Get a bow square and place the bottom of your nock 1/8th high with a your arrow covering the center of your plunger.

Its a compound so the string is not centered! Hang your bow facing down. eyeball the tip of your arrow a shaft outside the string.

These will help your bow do the best for the least money. I would stick to Easton aluminum arrows for the grain weight. this style of bow is not built for light carbon arrows.

http://www.lancasterarchery.com/terry-t-3-rest-rh.html

http://www.lancasterarchery.com/shibuya-dx-plunger.html


----------



## Astroguy (Oct 11, 2013)

Easton 2016 XX75 arrows and a Black Widow finger tab or legacy glove are also good options for gear. 

The Arrows weight will help the design of compound to stay in one piece. Light carbons are not a good idea for this bow.


----------



## thebatman (Nov 28, 2016)

Thanks for the info.

I might try the supplied rest first, see how that performs. I was going to use my feather-flectched carbons I have already, so will need to see if this type of rest will rip the fletchings upon release. A magnetic flipper+plunger seems the way to go with finger release though, as you said.

The arrows I have already are 500 spine carbons, 30 inch long feather fletched, with 125gr field points. I believe they weigh around 364 gr, so might reduce the poundage to say 45lbs to give a safer 8gpp to reduce stress on the bow. It looks like quite a slow compound (206fps), so 500 spine carbons should be stiff enough?

So positive tiller is 1/8 inch more on the top limb pocket, compared to the bottom limb pocket?


----------



## Astroguy (Oct 11, 2013)

http://www.archeryhistory.com/archerytalk/The_Nuts&Bolts_of_Archery.pdf

This will explain tiller tuning in full detail along with about every other fact. 

Generally you want to start with more gap on top. On this type of bow. 

After you put in 5000 shots and have matched arrows that pass a bare shaft test. Then work on tiller tuning.

You really need to be able to get a bare shaft into your group every time at 20 yards before tiller tuning matters. Your finger release needs to be perfect.

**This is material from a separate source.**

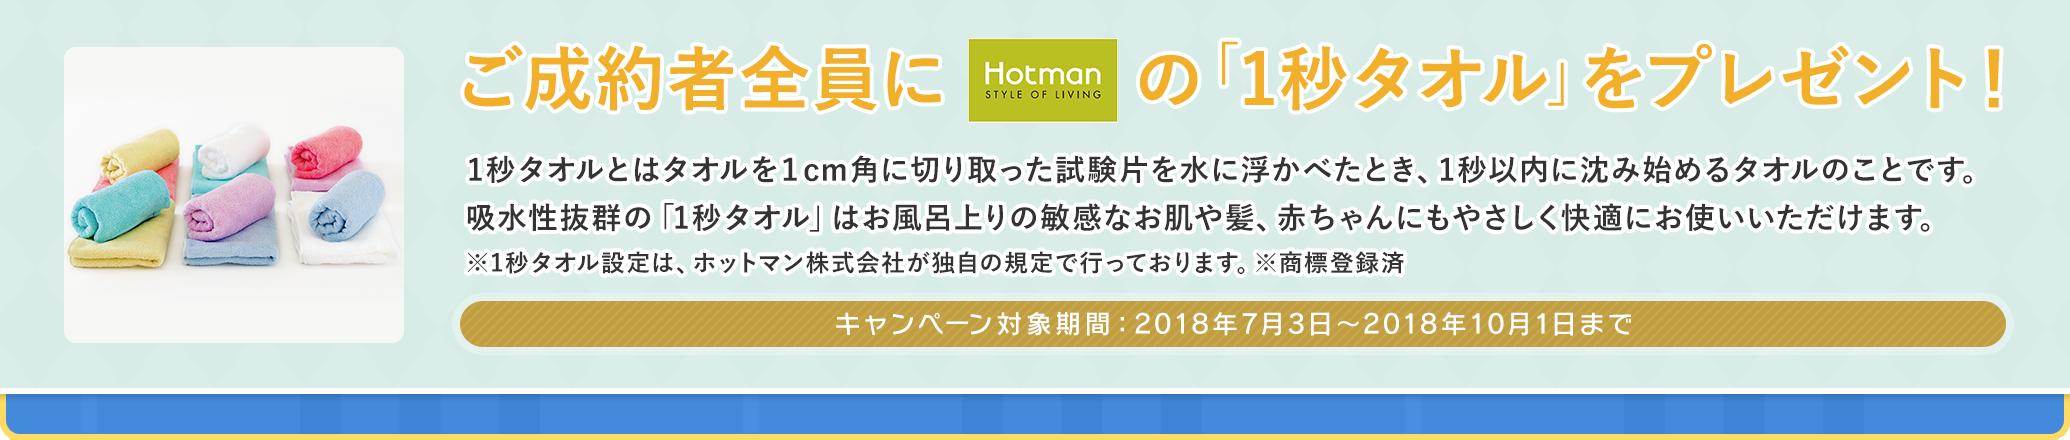 ご成約者全員にHotman STYLE OF LIVINGの「1秒タオル」をプレゼント!キャンペーン対象期間 2018年7月3日〜2018年10月1日まで

So just use basic setup info and work on form with a coach or respected club member.


----------



## Astroguy (Oct 11, 2013)

http://www.ebay.com/itm/On-Target-F...436151?hash=item41ccf44a77:g:AnsAAOSwn5RZknGH

This book by Larry Wise from 1986 is a perfect guide for setting up this design of bow. Shooting from the Valley of the power curve , the softest feel, is important for this style of bow. Do not pull against the wall on these old designs.


----------



## thebatman (Nov 28, 2016)

Hi Astroguy,

Thanks for the info. Shooting it for the first time with fingers and the stock plastic rest showed some tuning was required. I wound the two limb bolts out 2 whole turns, so in theory the bow should now be 45lbs.

The arrows had quite a bit of fishtailing going on, with the arrow having a noticeable kick to the left once it had left the bow. They also appeared to jump up once they have left the bow, but they flew fairly straight after. (I had no sight fitted, but looking down the arrow shaft I had to aim a fair bit lower that the target to compensate)

Moving the plastic rest in towards the riser seemed to reduced the kicking to the left quite a bit. Raising the nock point a bit higher helped a bit with the arrows kicking up, but it is still pretty noticeable.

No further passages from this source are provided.